§ **TASK INSTRUCTIONS**
Where a picture appears in the data below, exclude it; restate everything else word for word.

§ **SUPPLIED MATERIAL**
------------------------------------------------------------------------
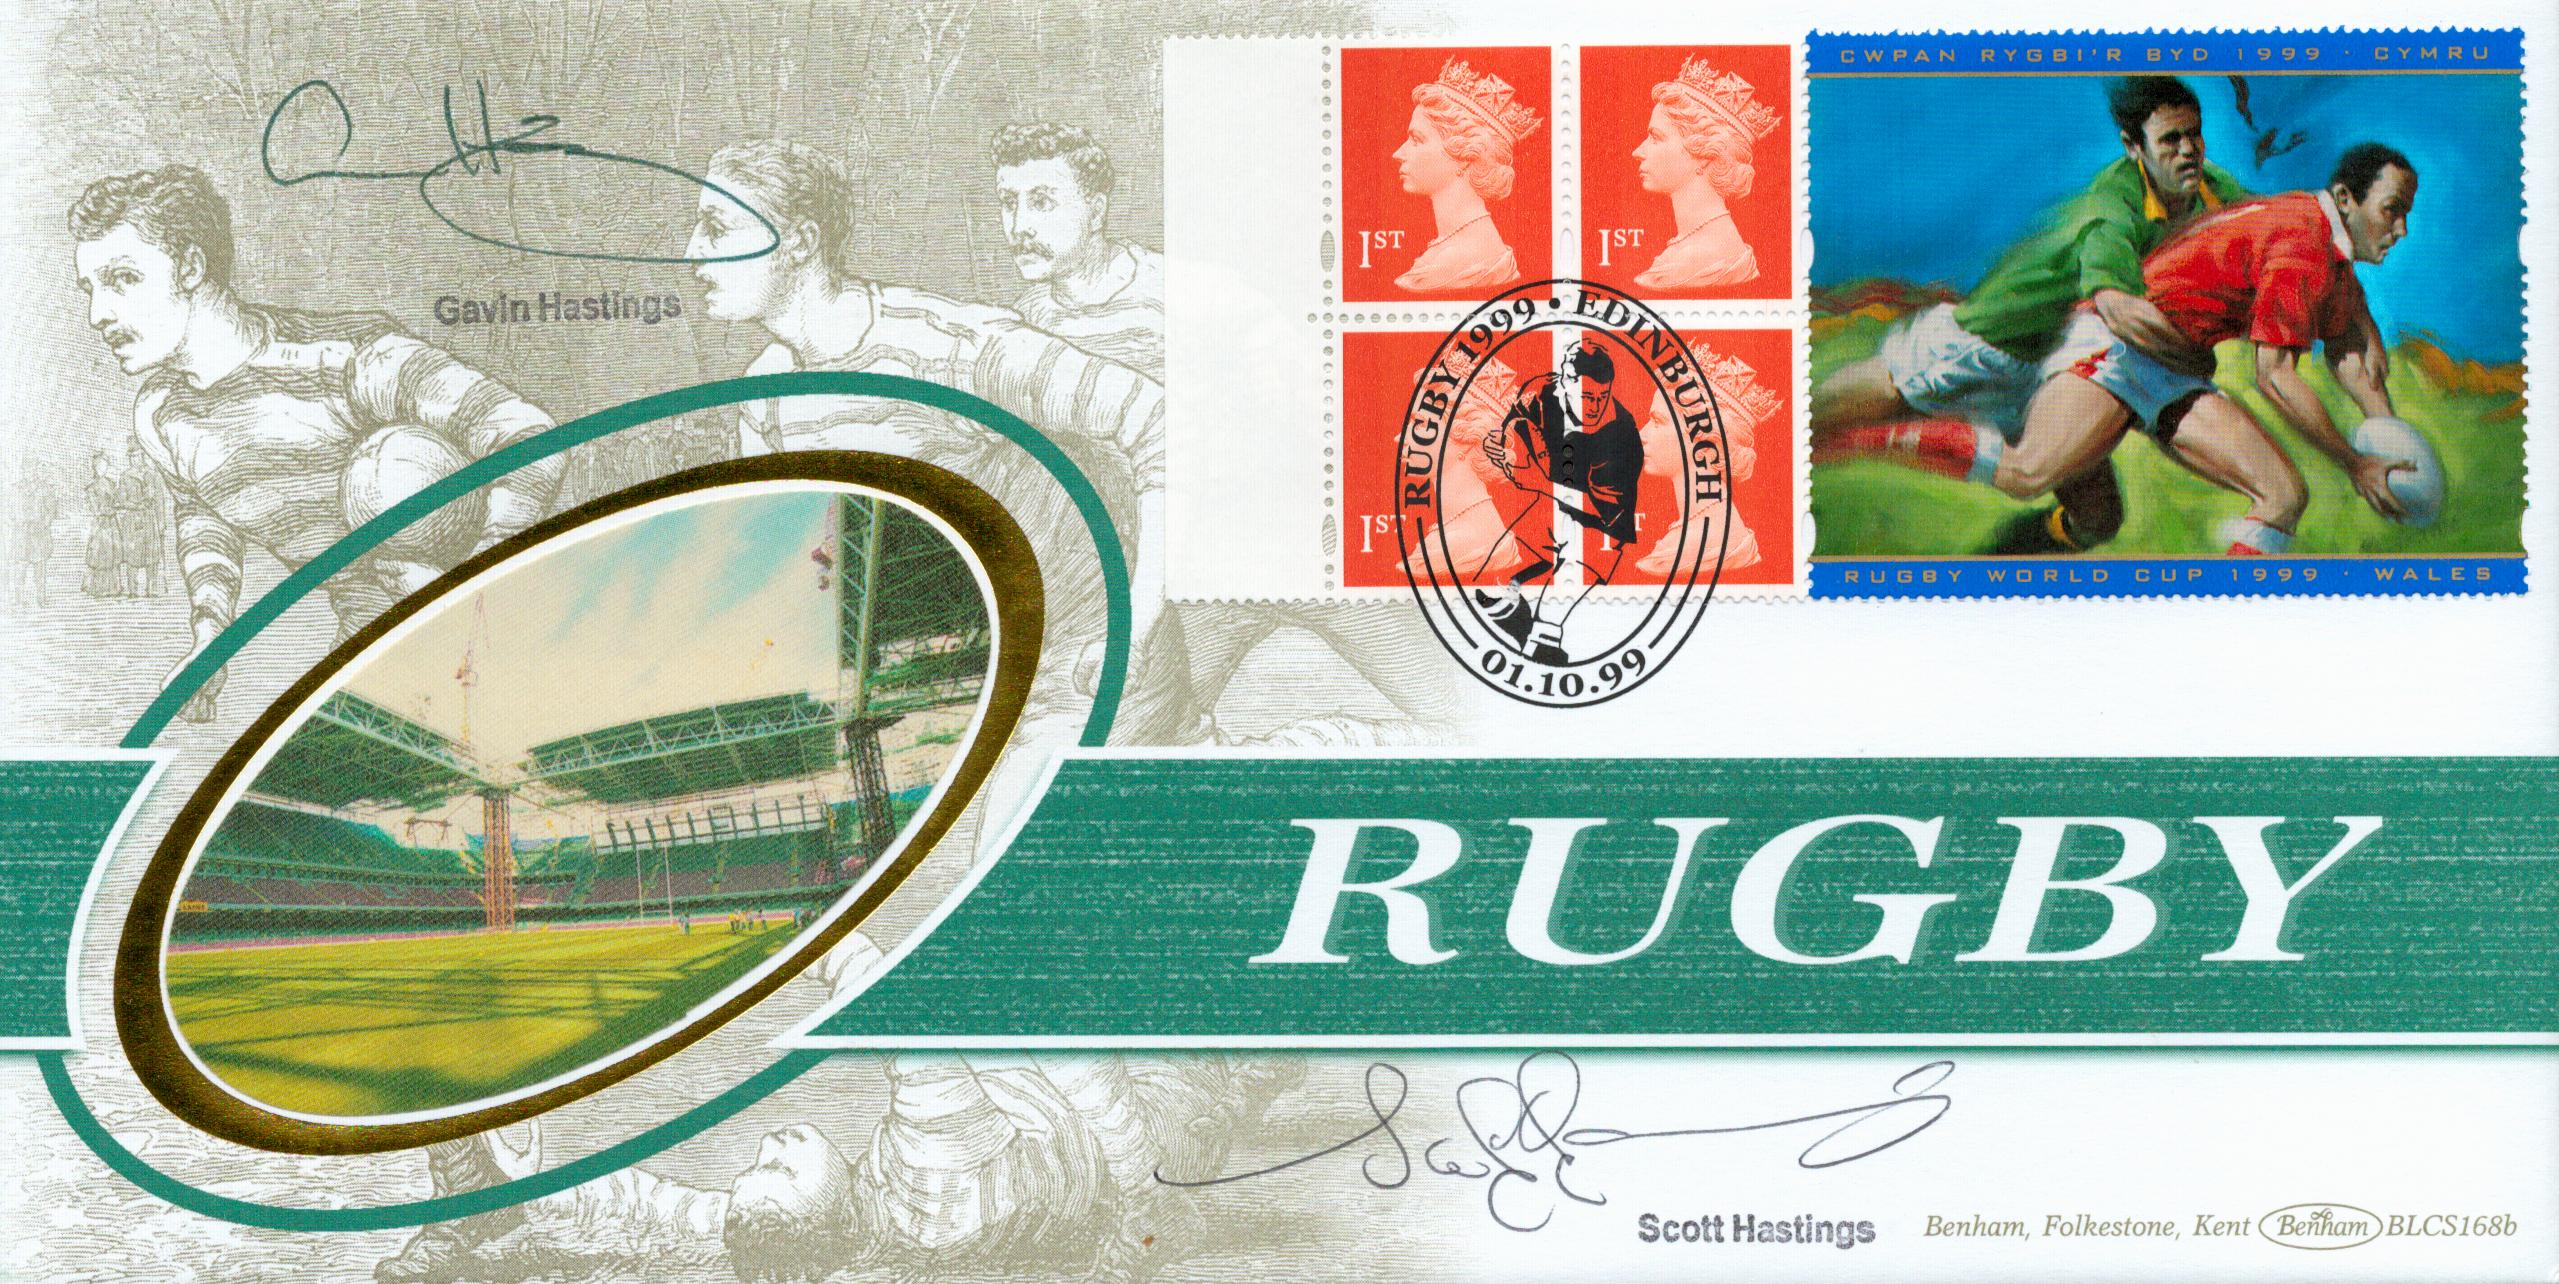 Rugby Gavin Hastings and Scott Hastings signed Benham Rugby Cover PM Rugby 1999 Edinburgh 01. 10.
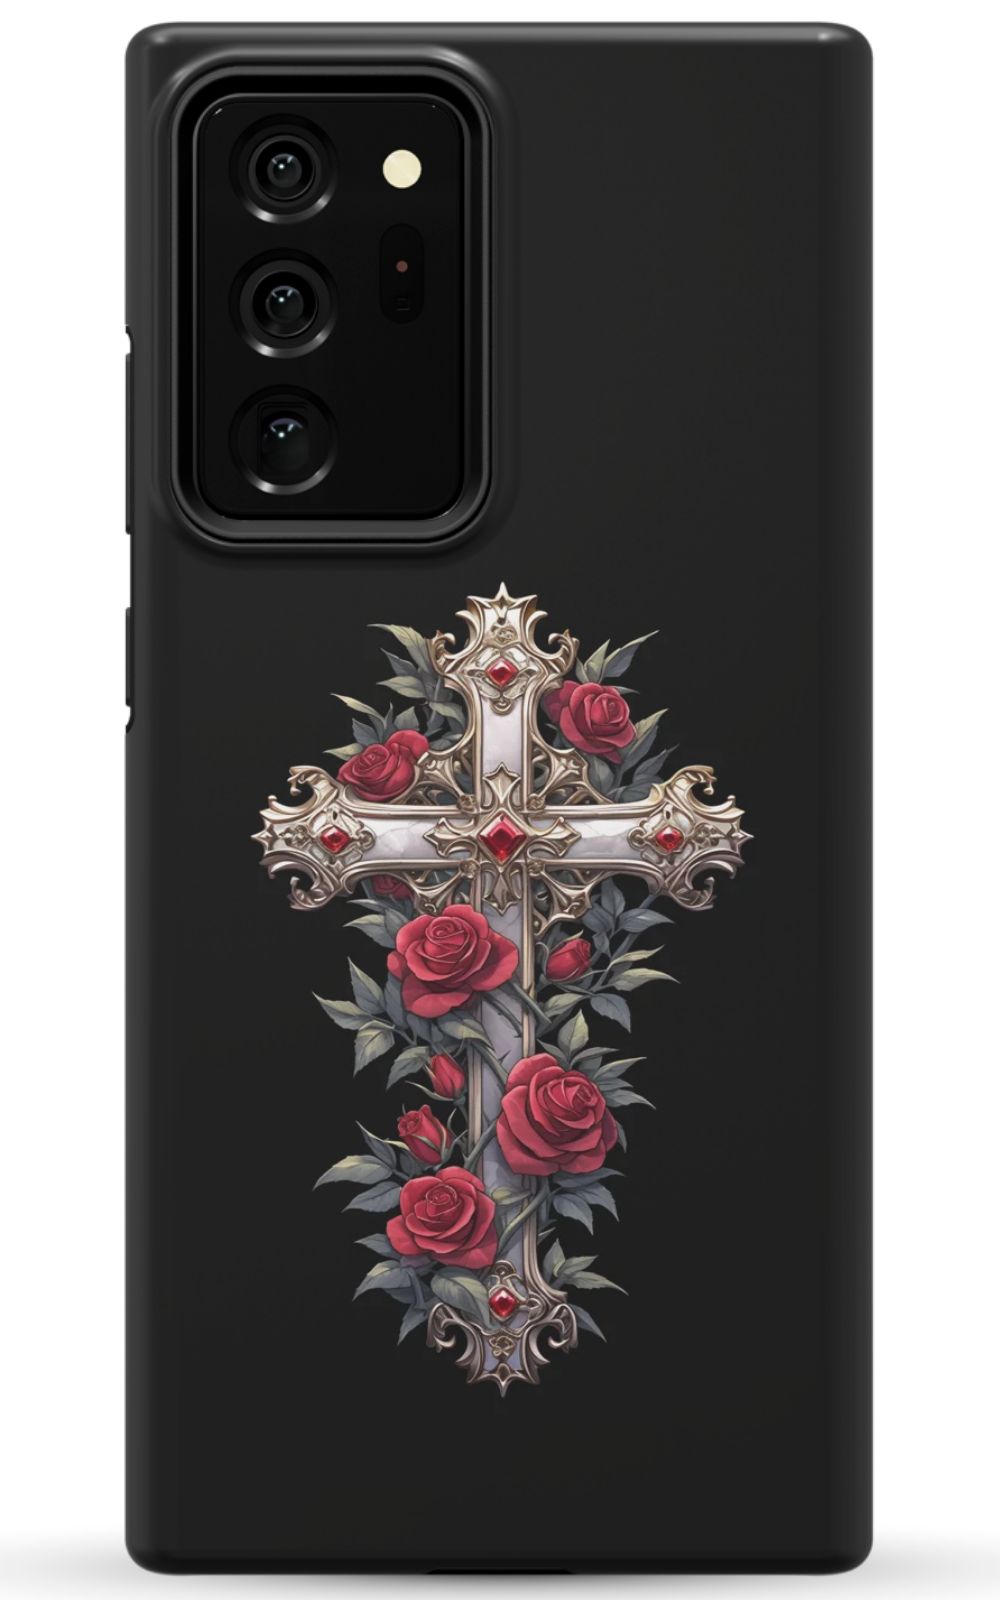 Phone Case "Everlasting Devotion": A Symbol of Enduring Faith and Passionate Love
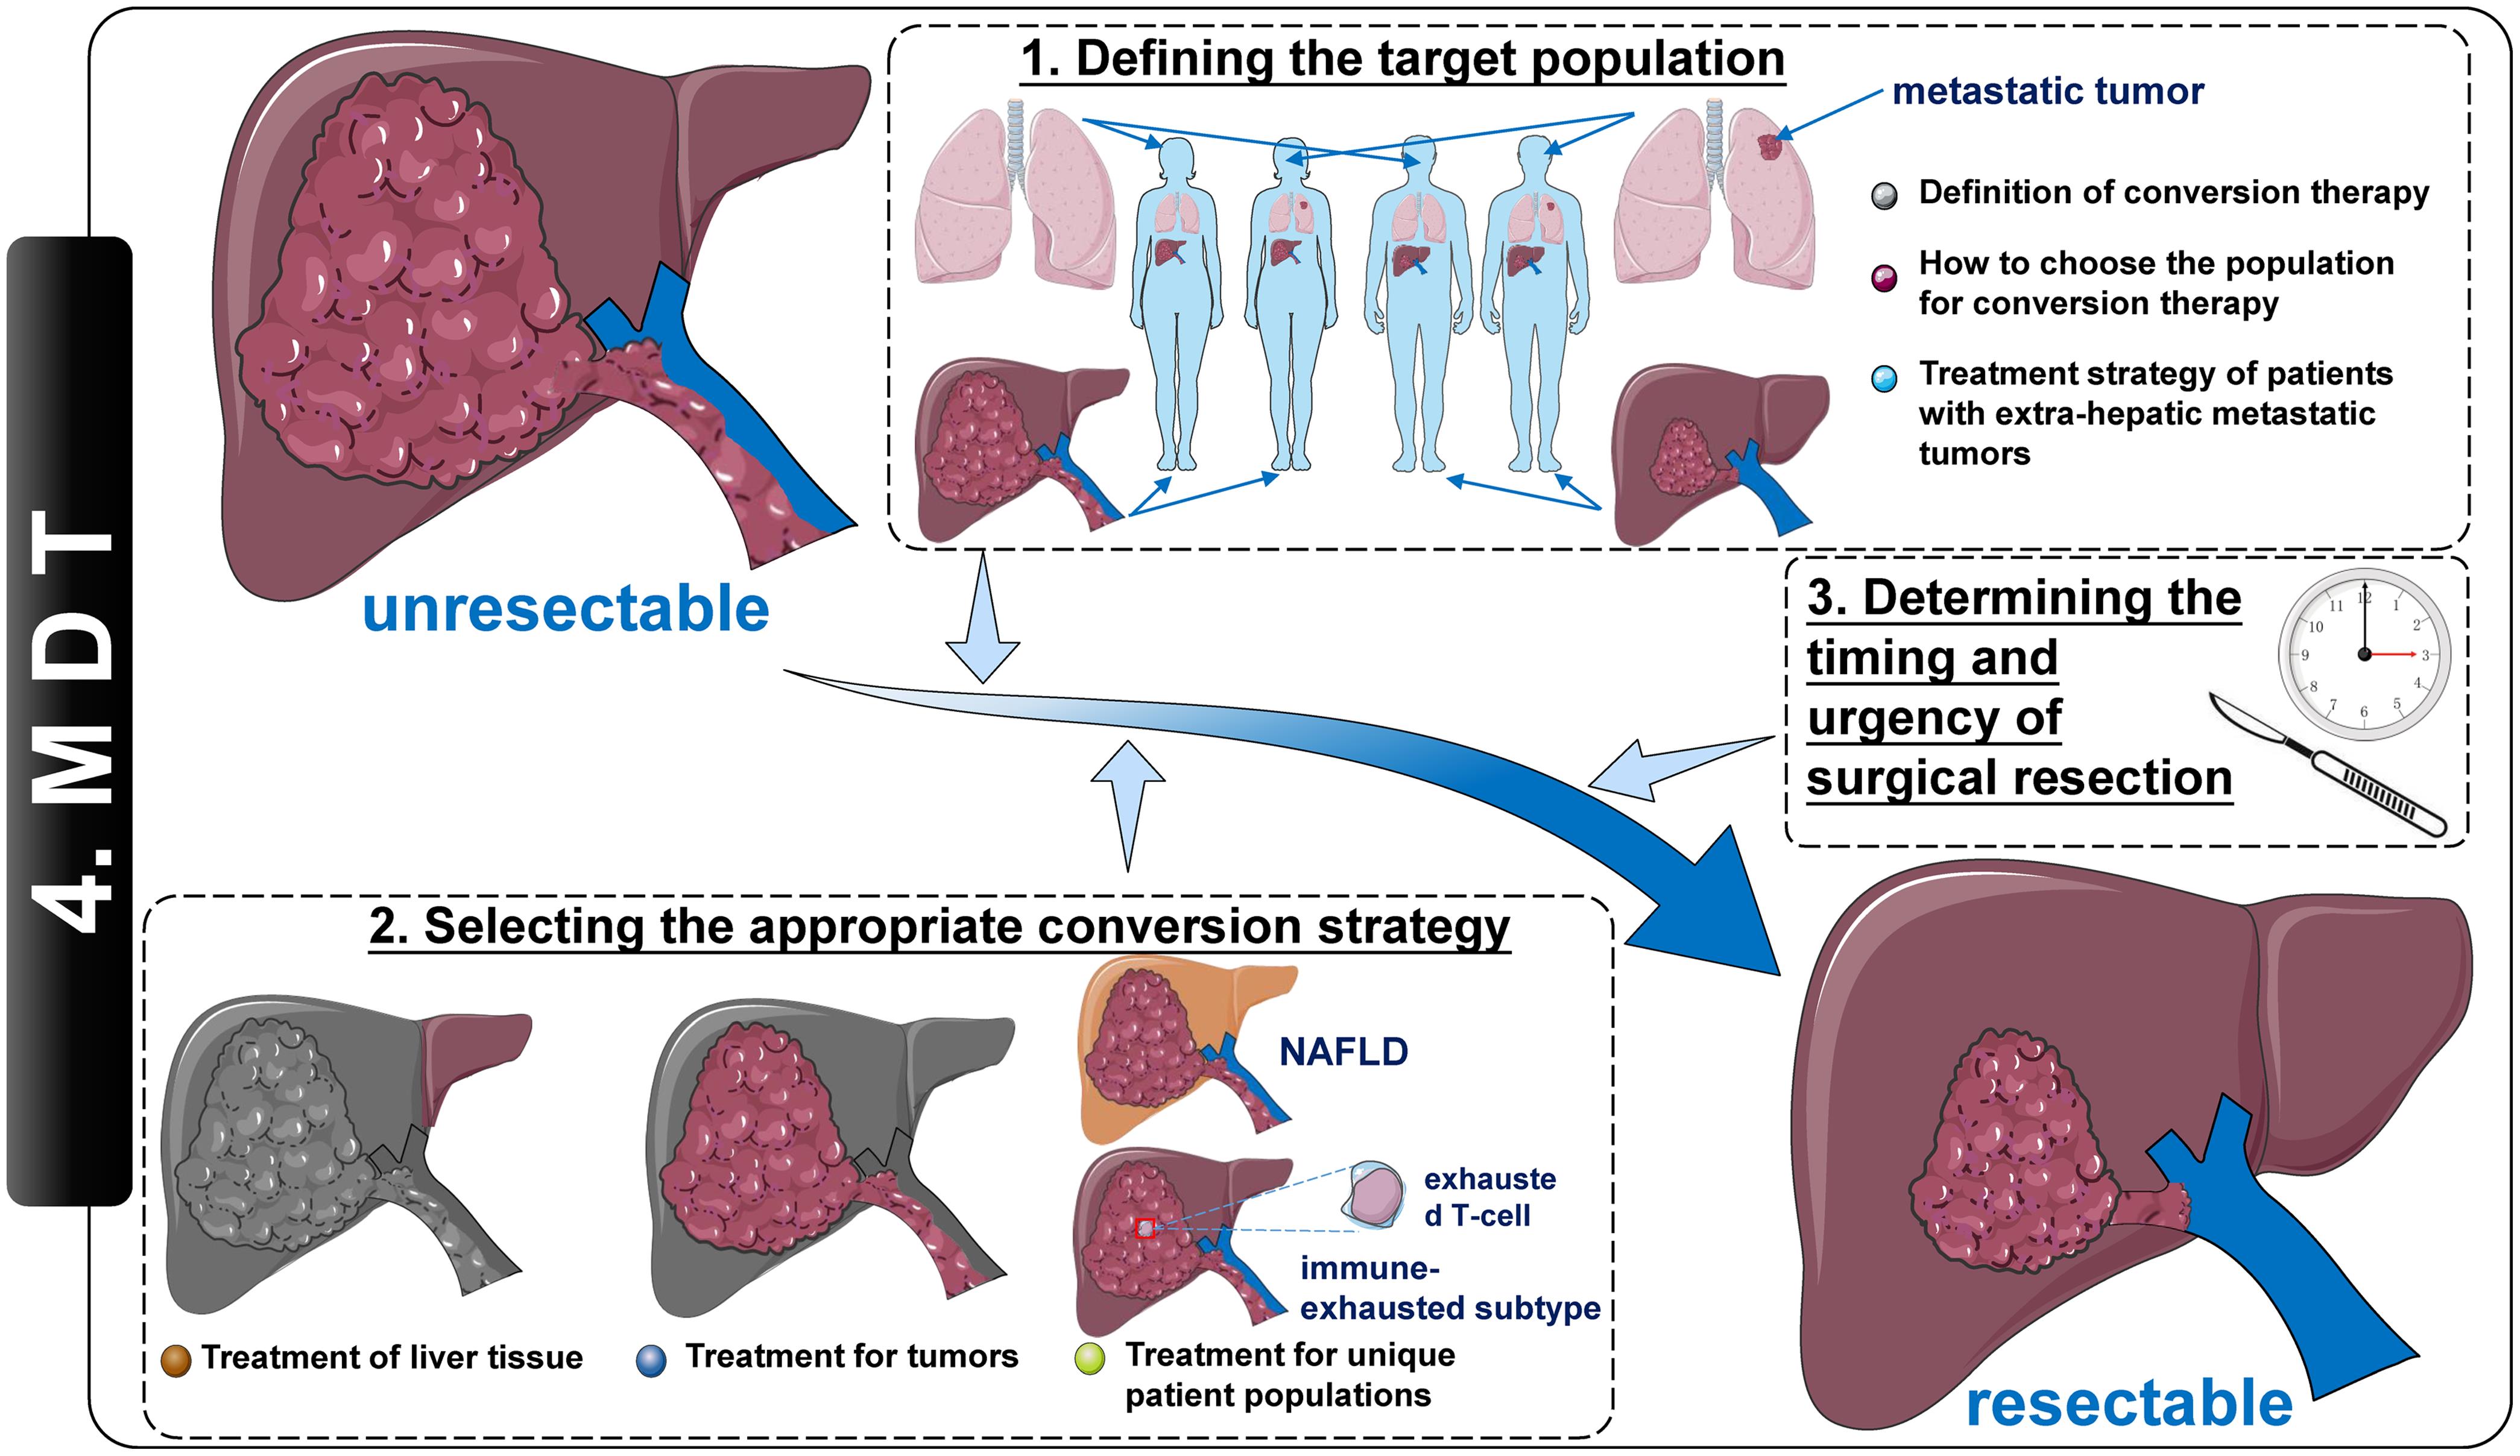 Illustration for conversion therapy in patients with “potentially resectable” hepatocellular carcinoma from four perspectives.
------------------------------------------------------------------------
§ **RESPONSE BELOW**
 Rugby Gavin Hastings and Scott Hastings signed Benham Rugby Cover PM Rugby 1999 Edinburgh 01. 10.
 Phone Case "Everlasting Devotion": A Symbol of Enduring Faith and Passionate Love
 Illustration for conversion therapy in patients with “potentially resectable” hepatocellular carcinoma from four perspectives.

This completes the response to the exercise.